▶ Data below
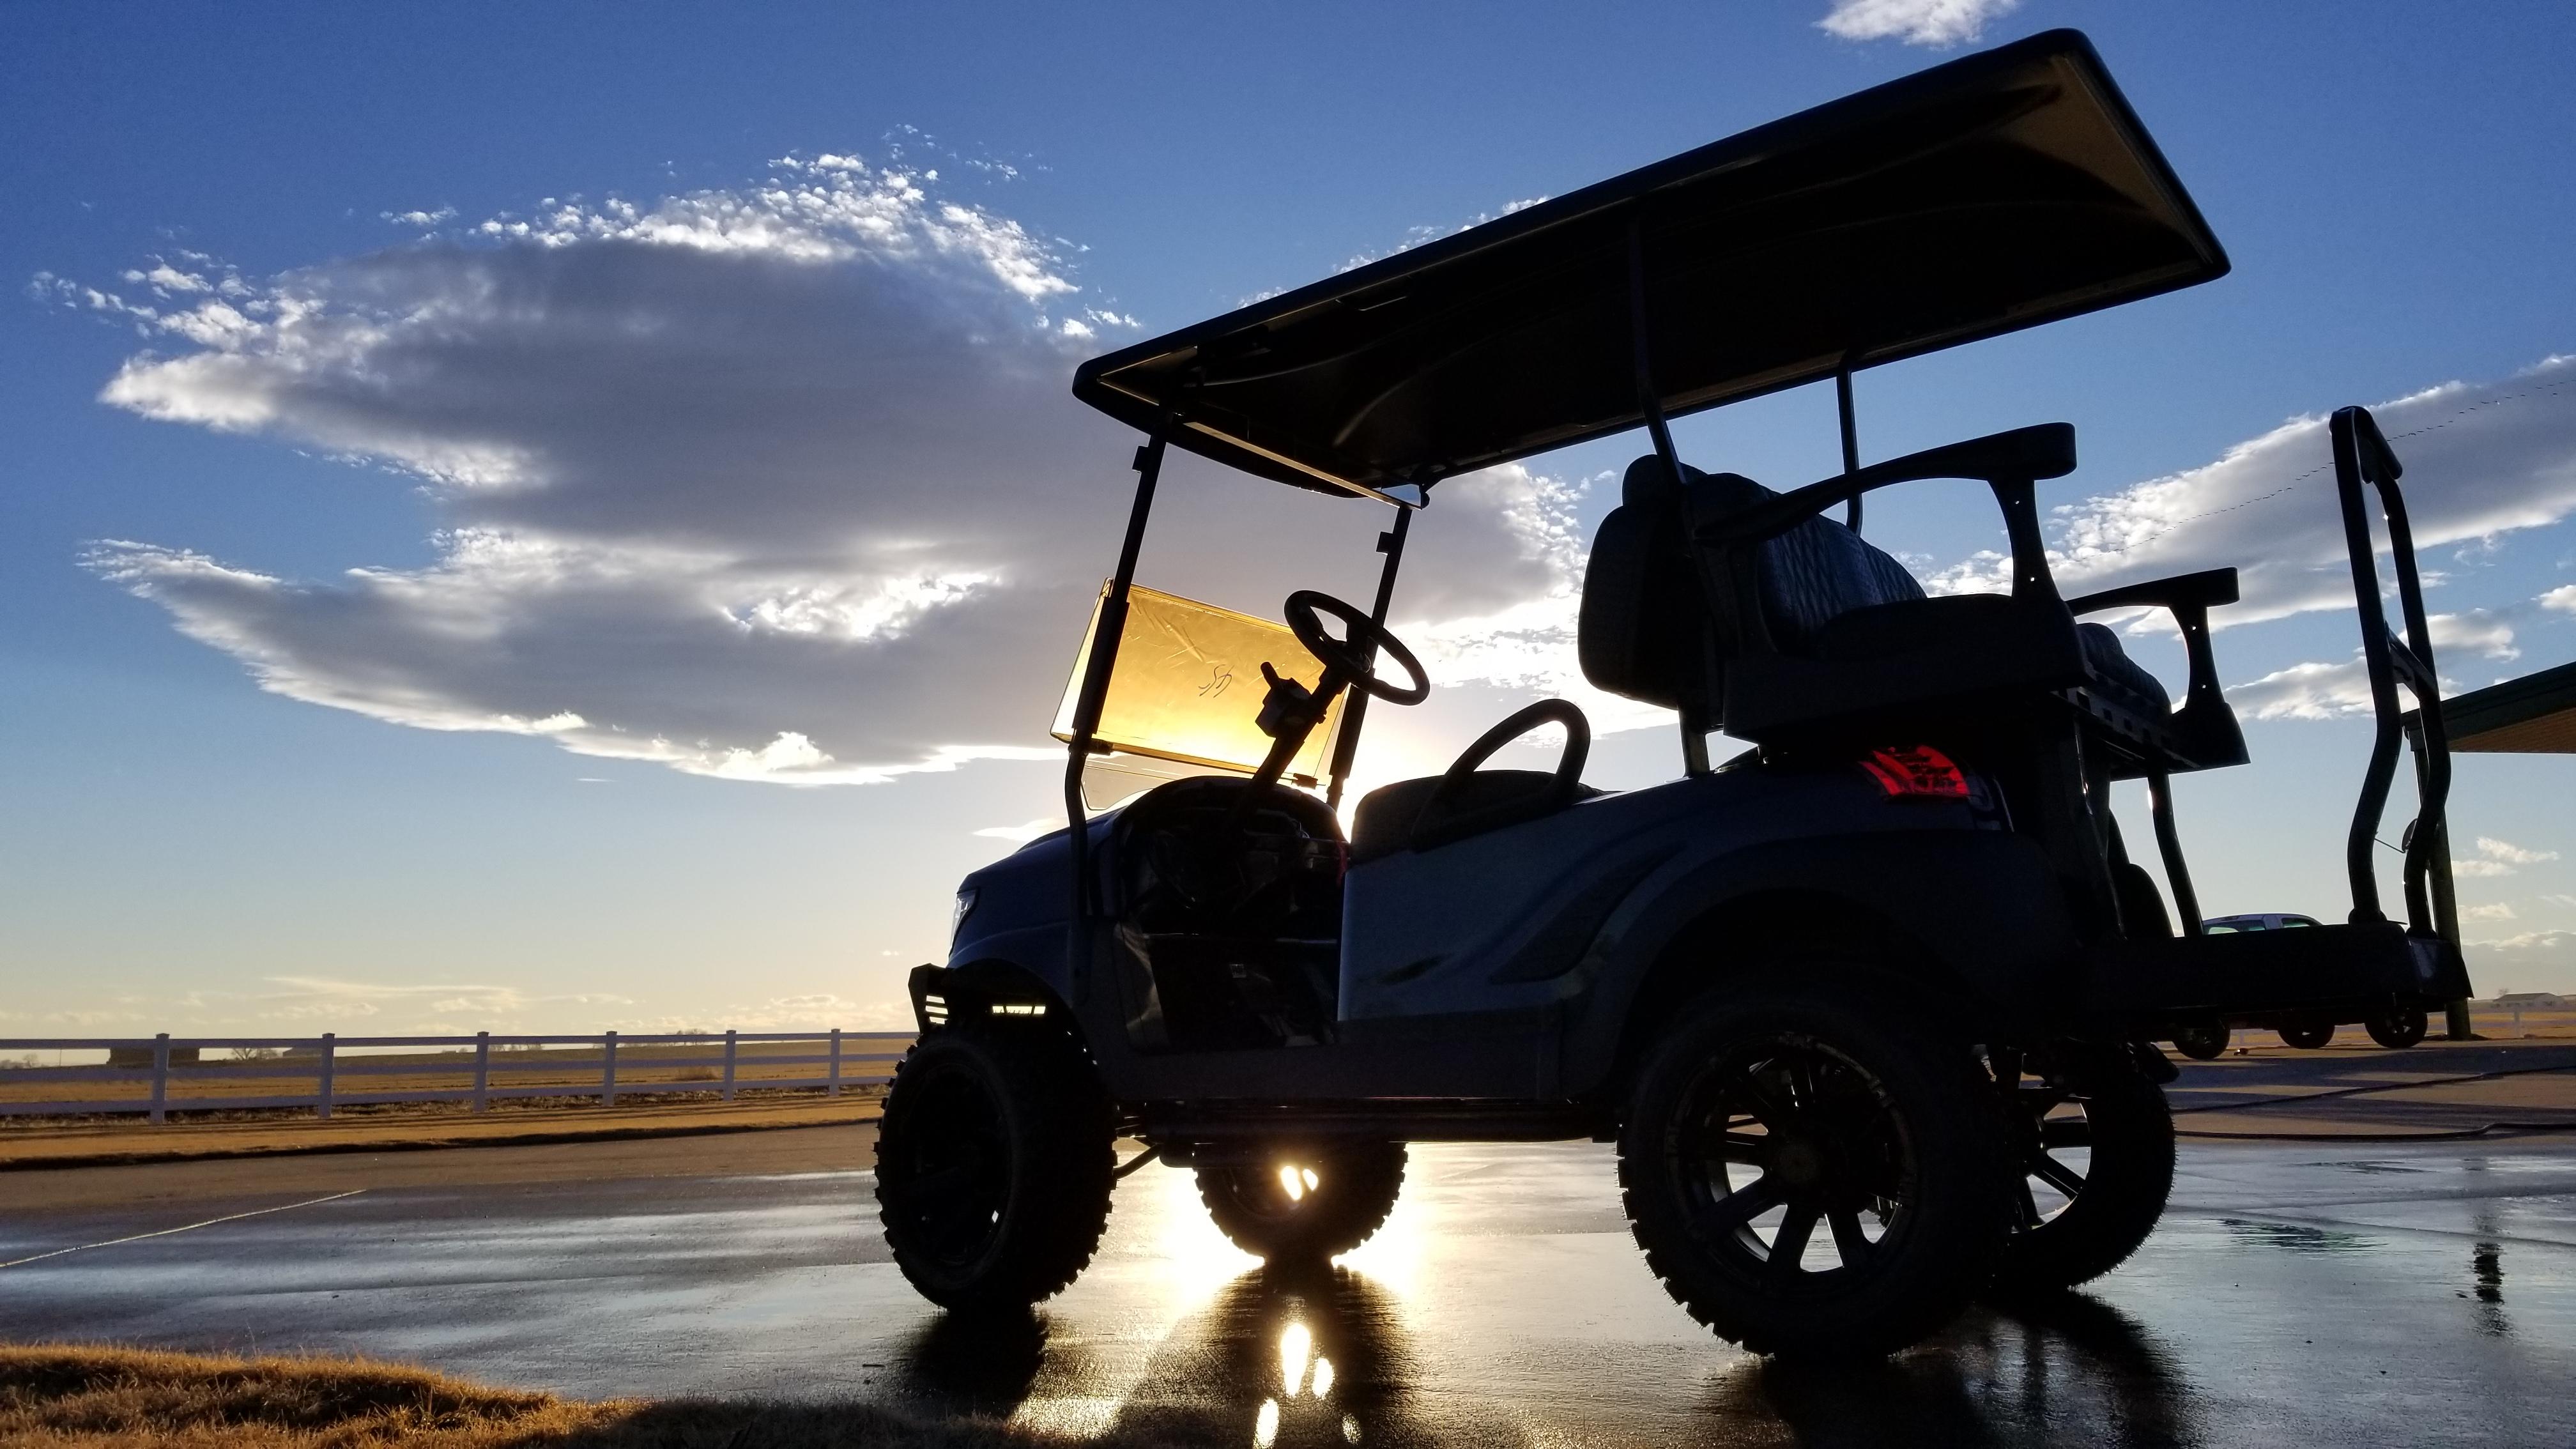 Custom Golf Carts In Colorado - Colorado Kustom Carts - Blog on golf cart safety program, parking lot safety policy, golf cart safety rules, golf cart cartoons safety, golf cart safety training, loading dock safety policy, golf cart safety presentation, golf cart safety procedures, golf cart safety standards, golf carts hospital, golf cart safety tips,
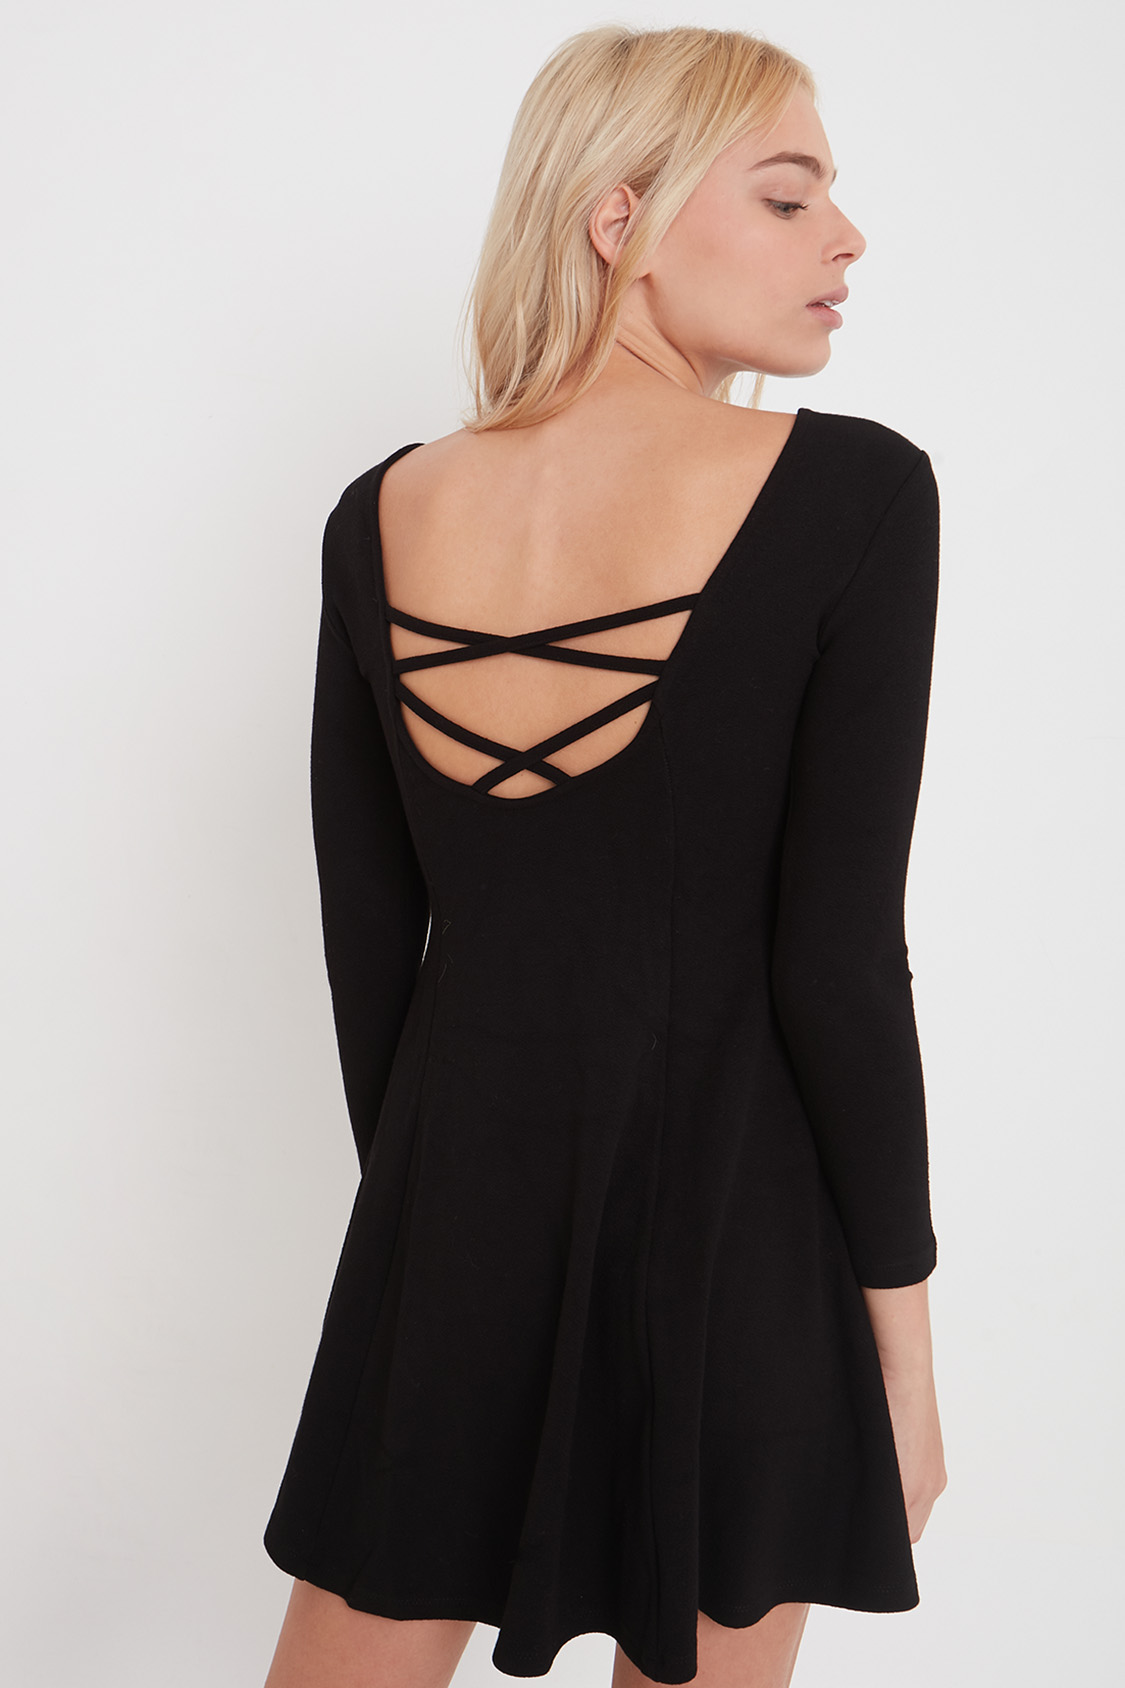 Back criss-cross dress
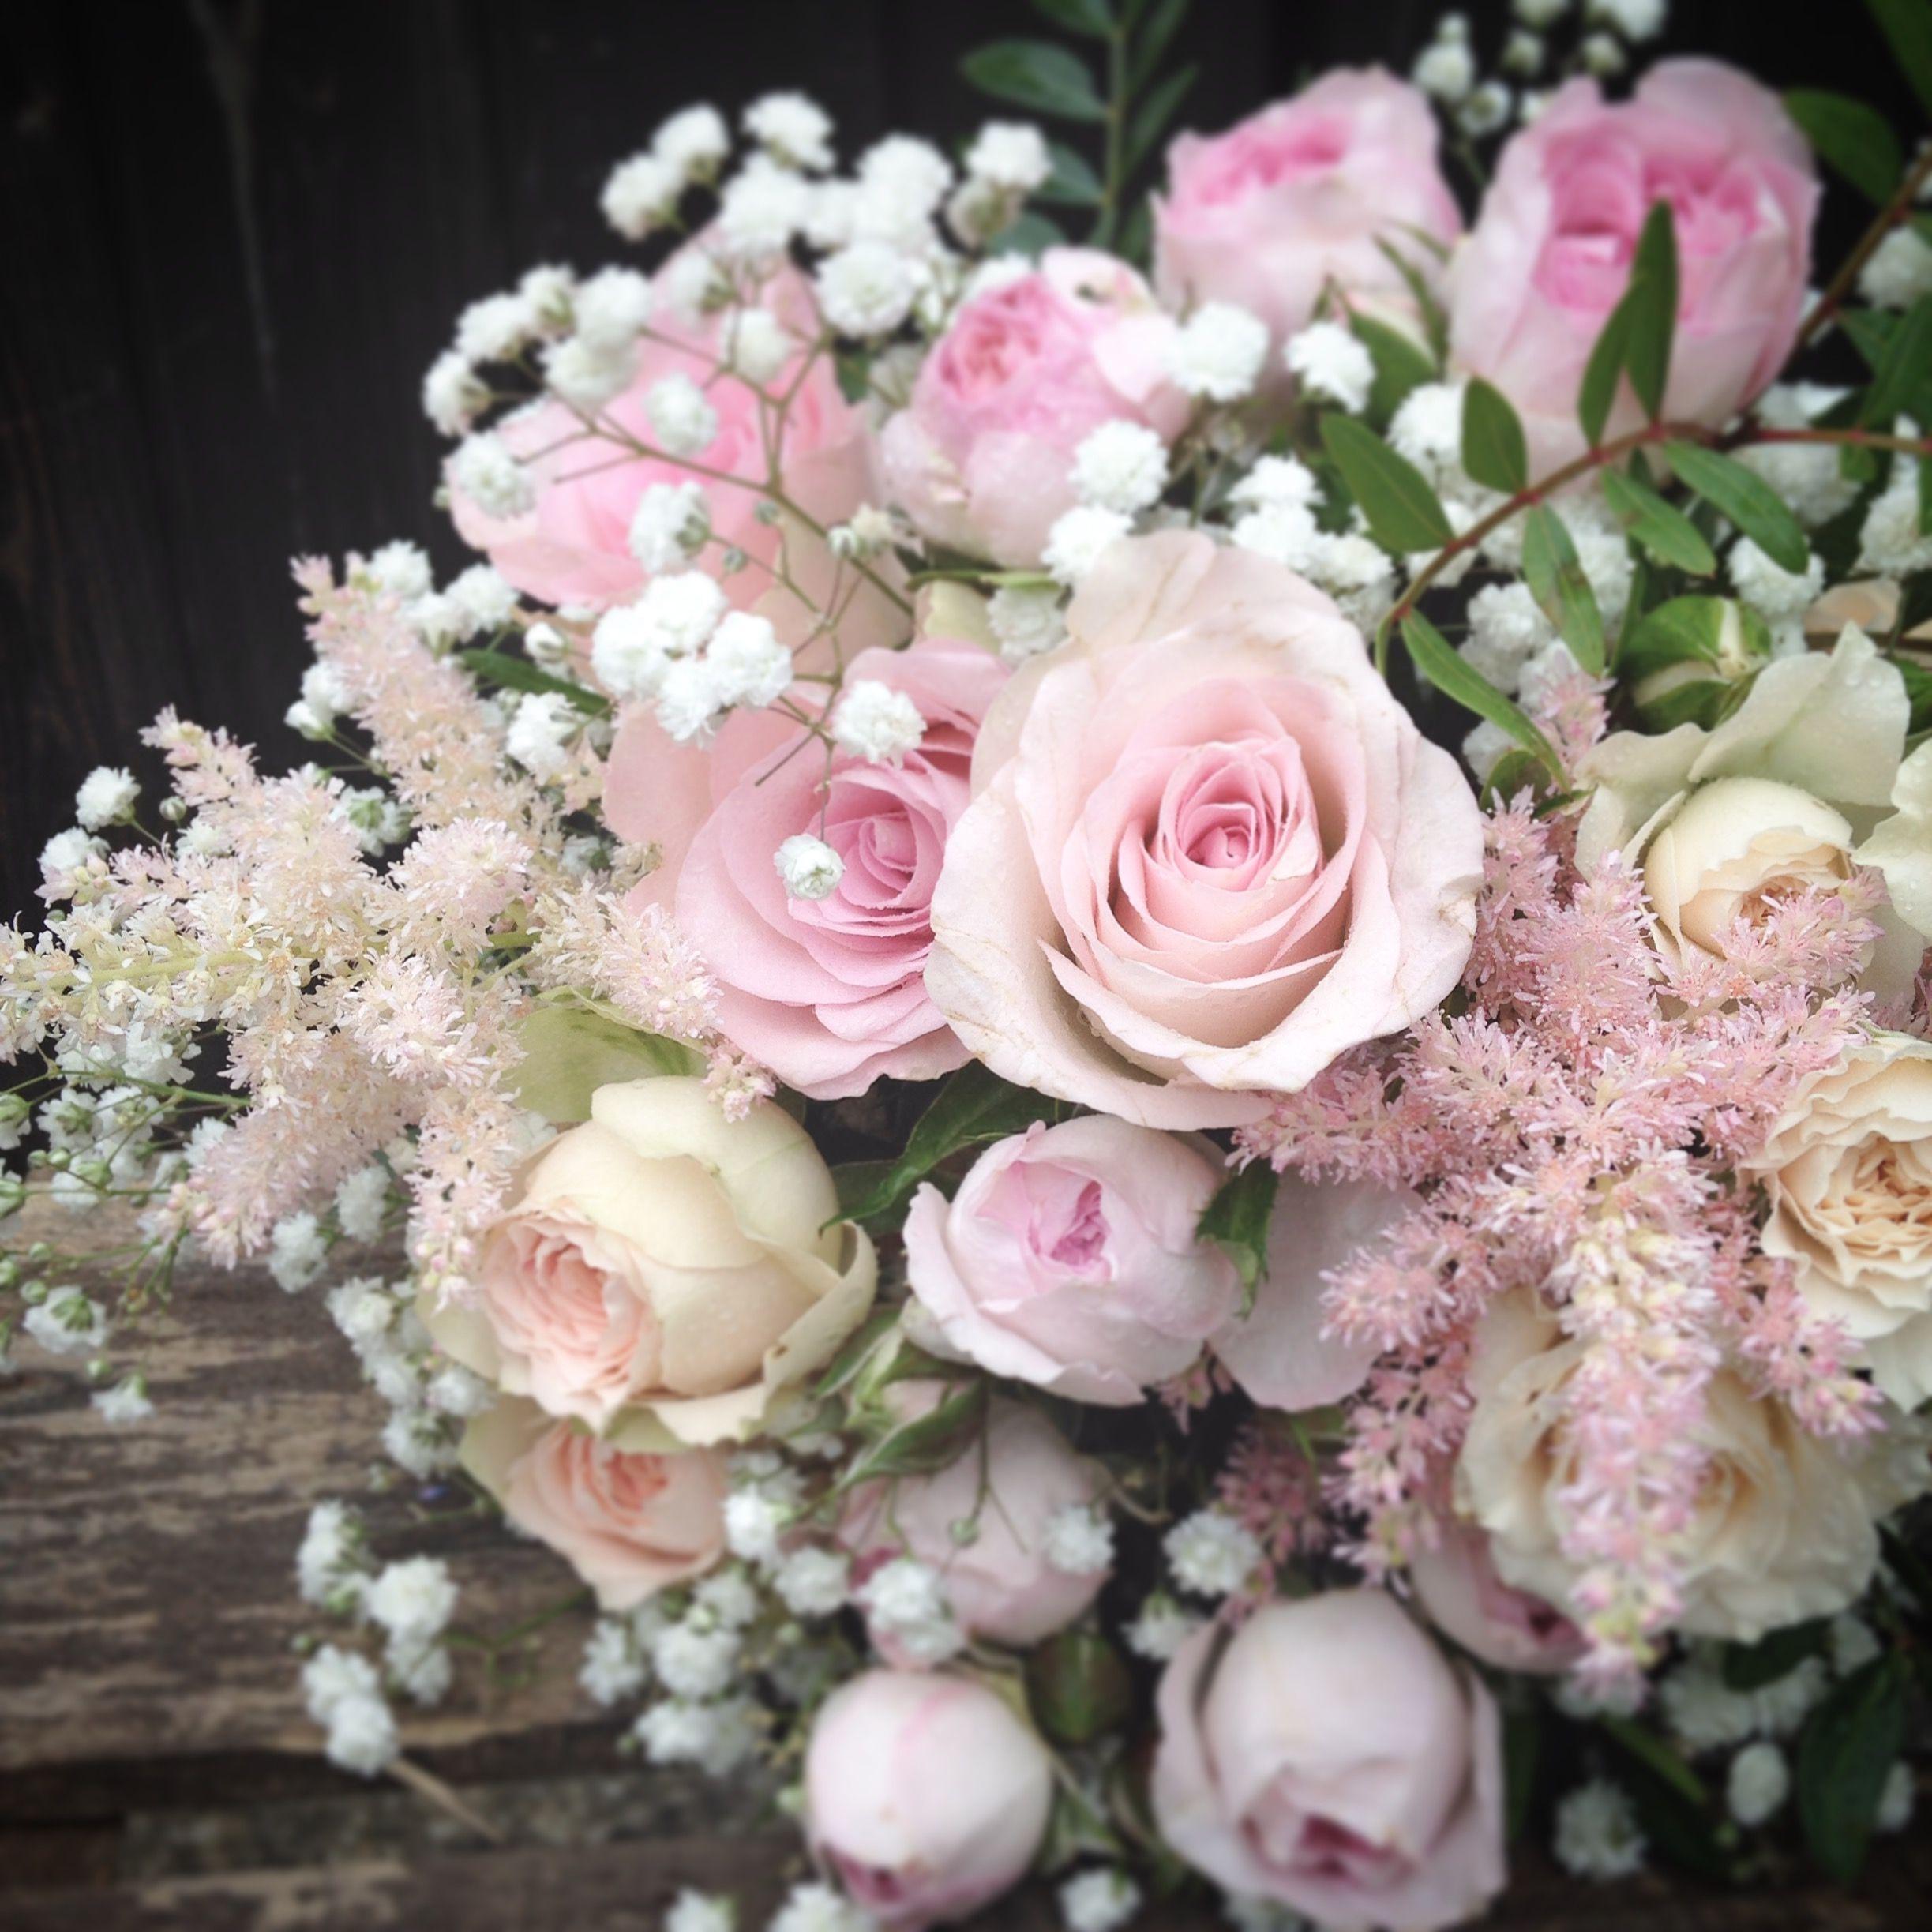 roses flowers gypsophila flower - photo #37

▶ Exercise instructions
From the line with "Back criss-cross dress" to the last line above, restate each line word for word, but skip the pictures.

▶ Answer space
 Back criss-cross dress
 roses flowers gypsophila flower - photo #37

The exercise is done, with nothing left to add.